Records provided section start
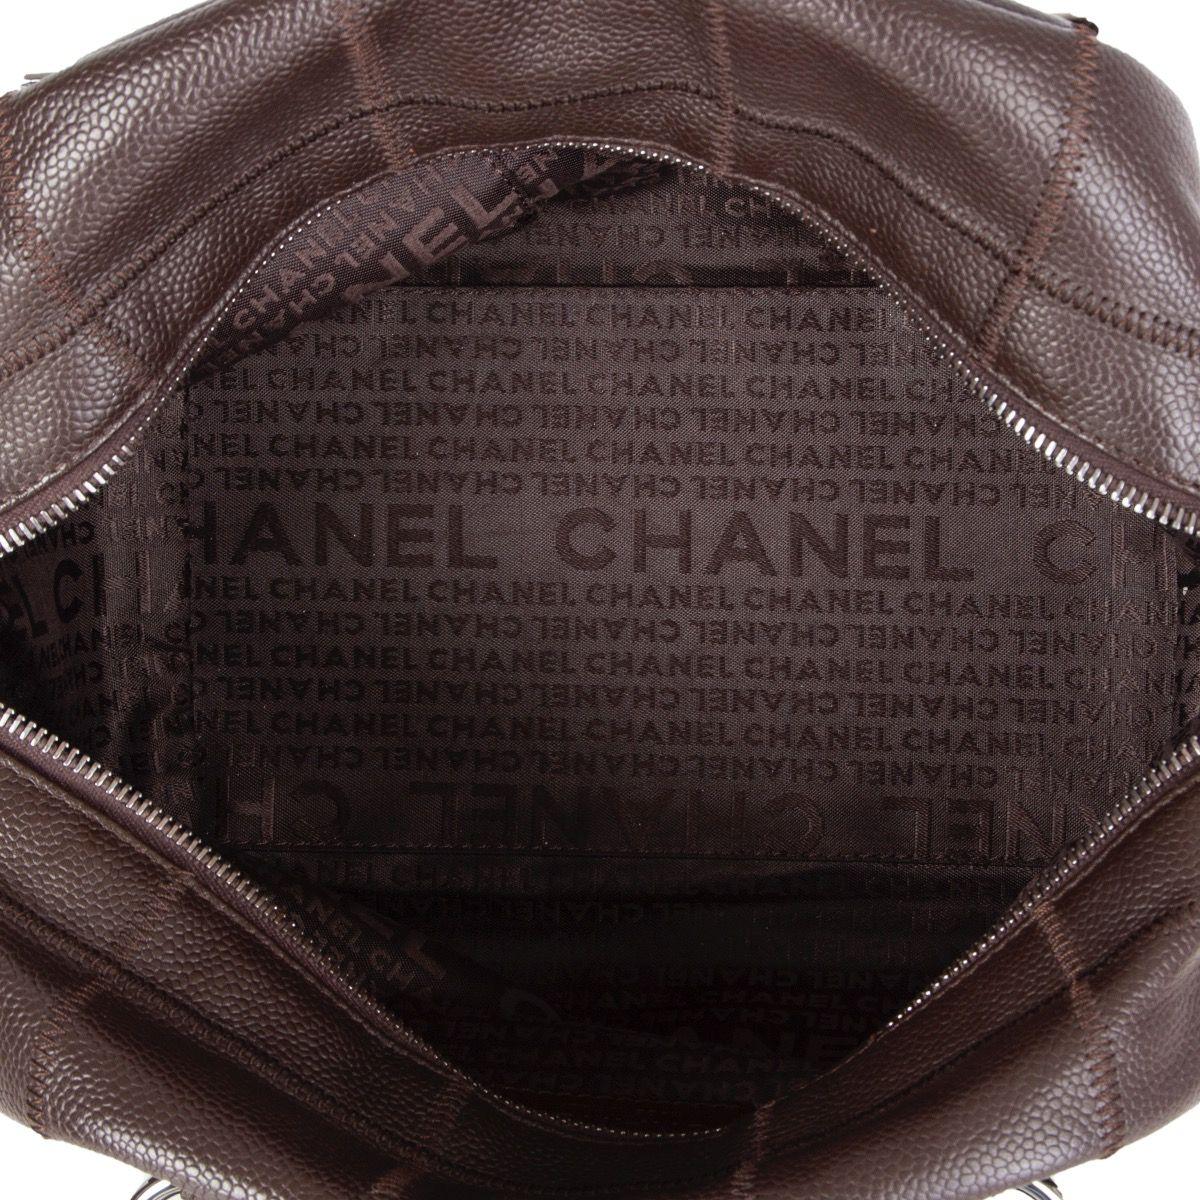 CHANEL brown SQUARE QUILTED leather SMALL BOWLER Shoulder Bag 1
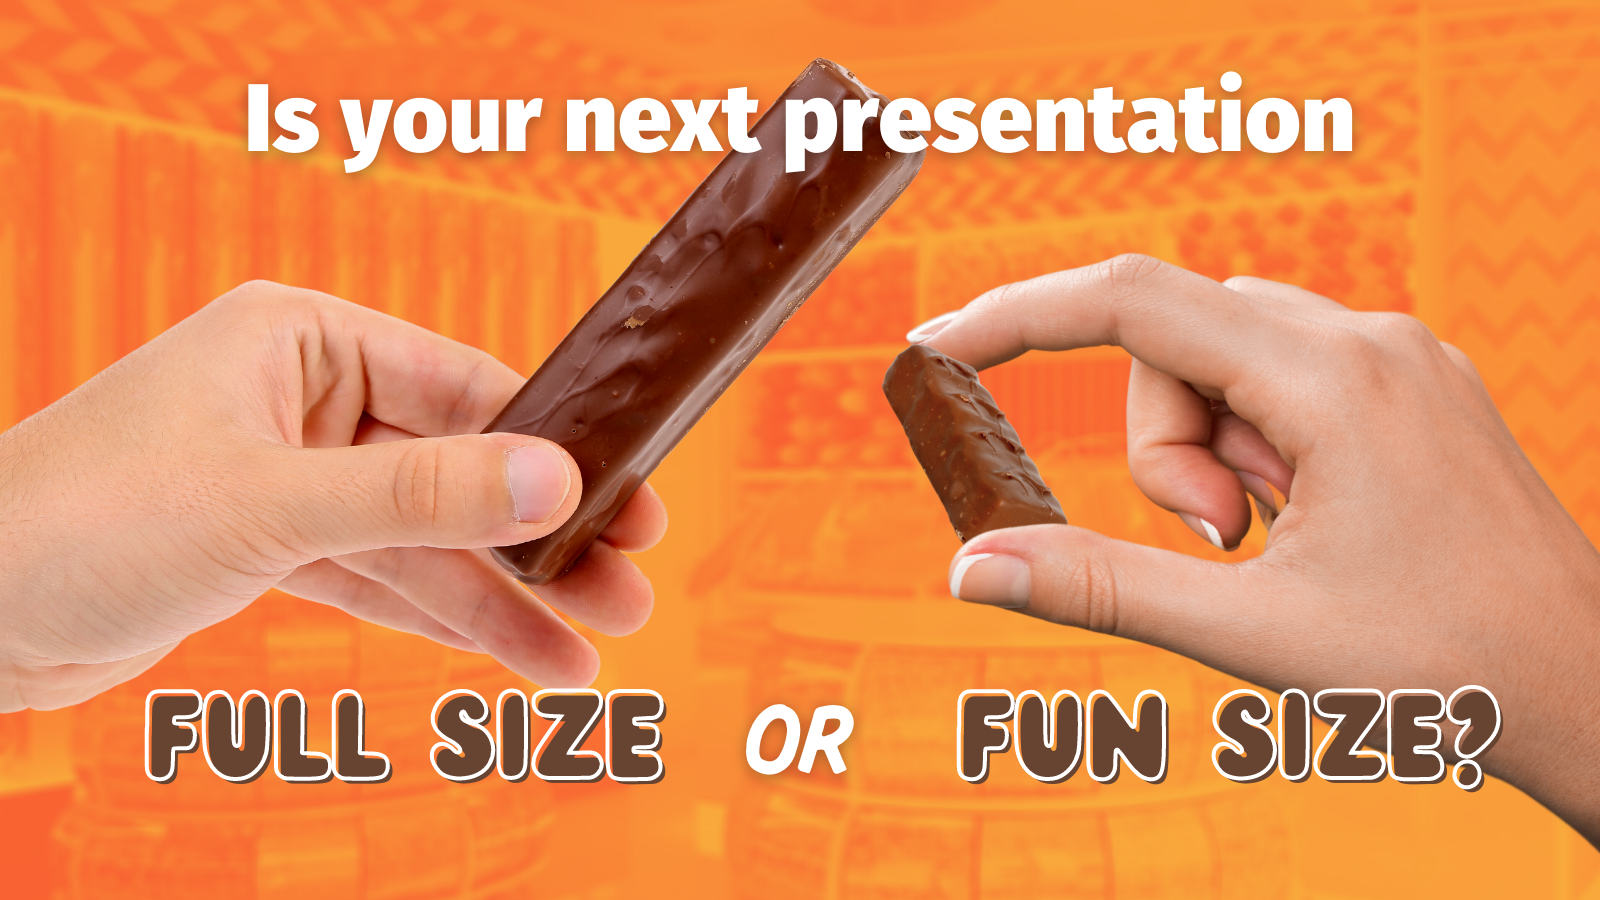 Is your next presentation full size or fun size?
Records provided section end
Records provided section start
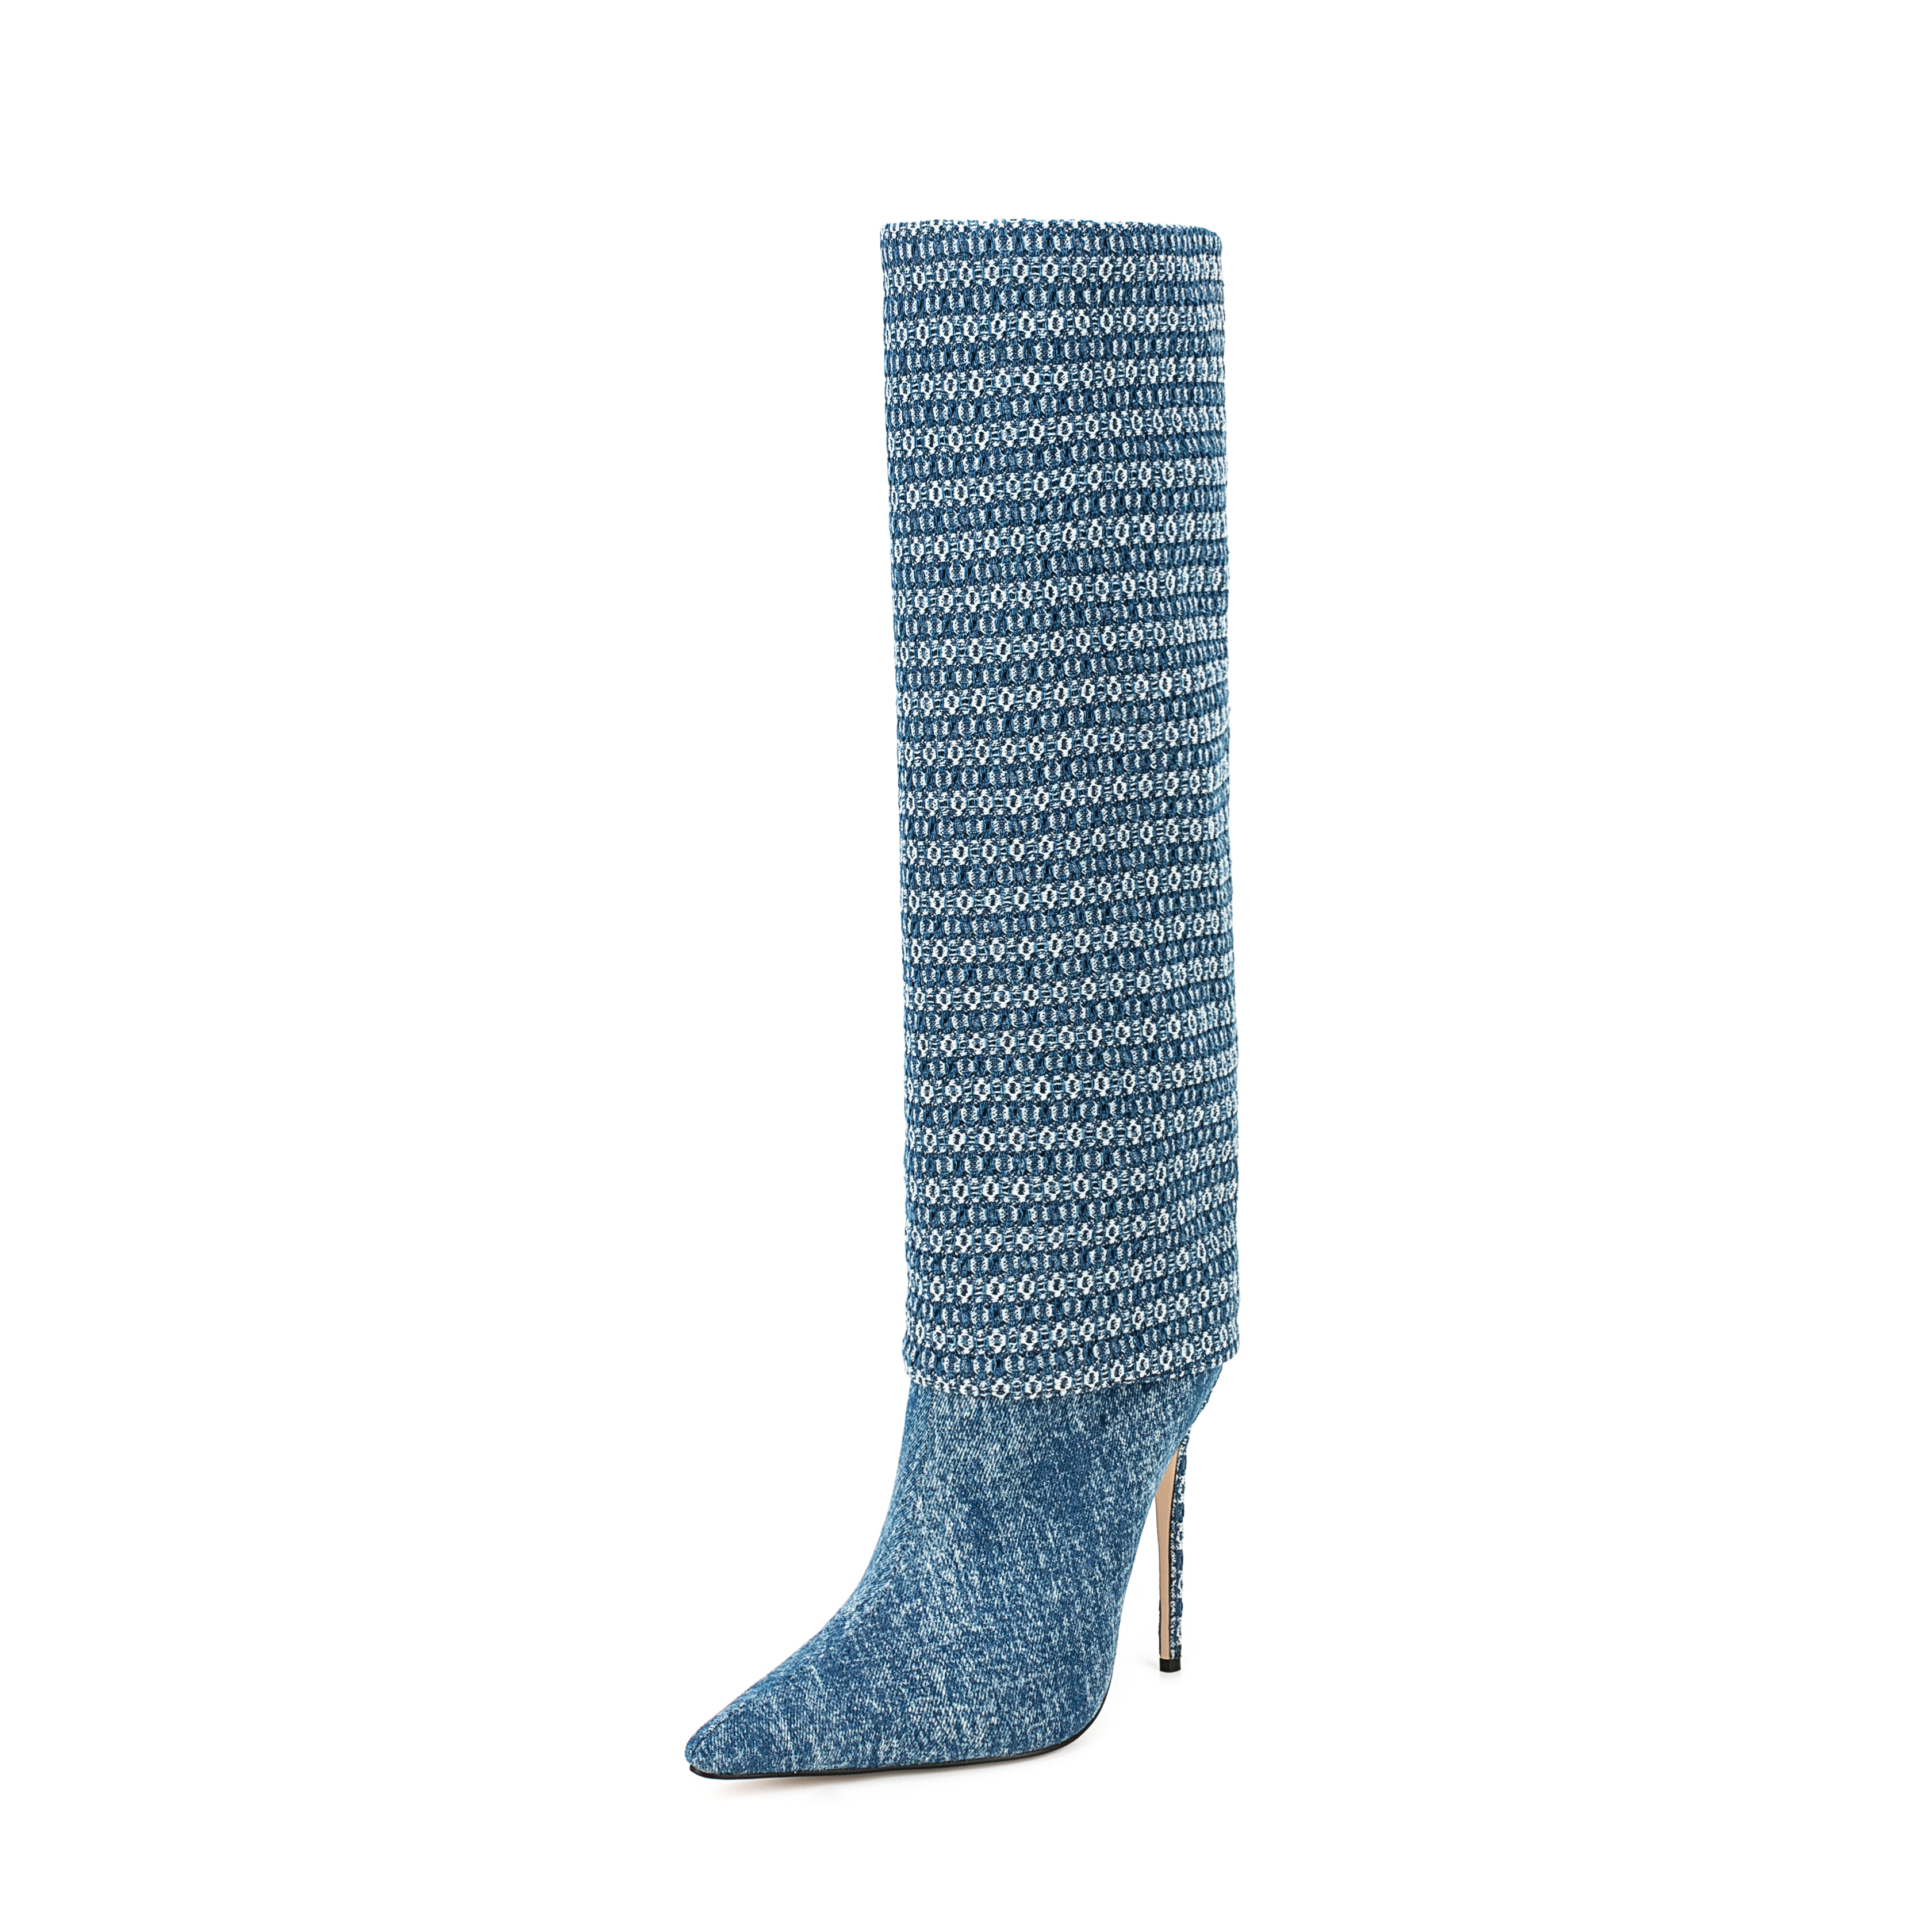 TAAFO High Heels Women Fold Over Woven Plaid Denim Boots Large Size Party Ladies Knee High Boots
Records provided section end
# Task directions
Treat the line with "CHANEL brown SQUARE" as the start and the line with "Is your next" as the end, and return exactly that span of the data above, both ends included, without pictures.

# Task result
 CHANEL brown SQUARE QUILTED leather SMALL BOWLER Shoulder Bag 1
 Is your next presentation full size or fun size?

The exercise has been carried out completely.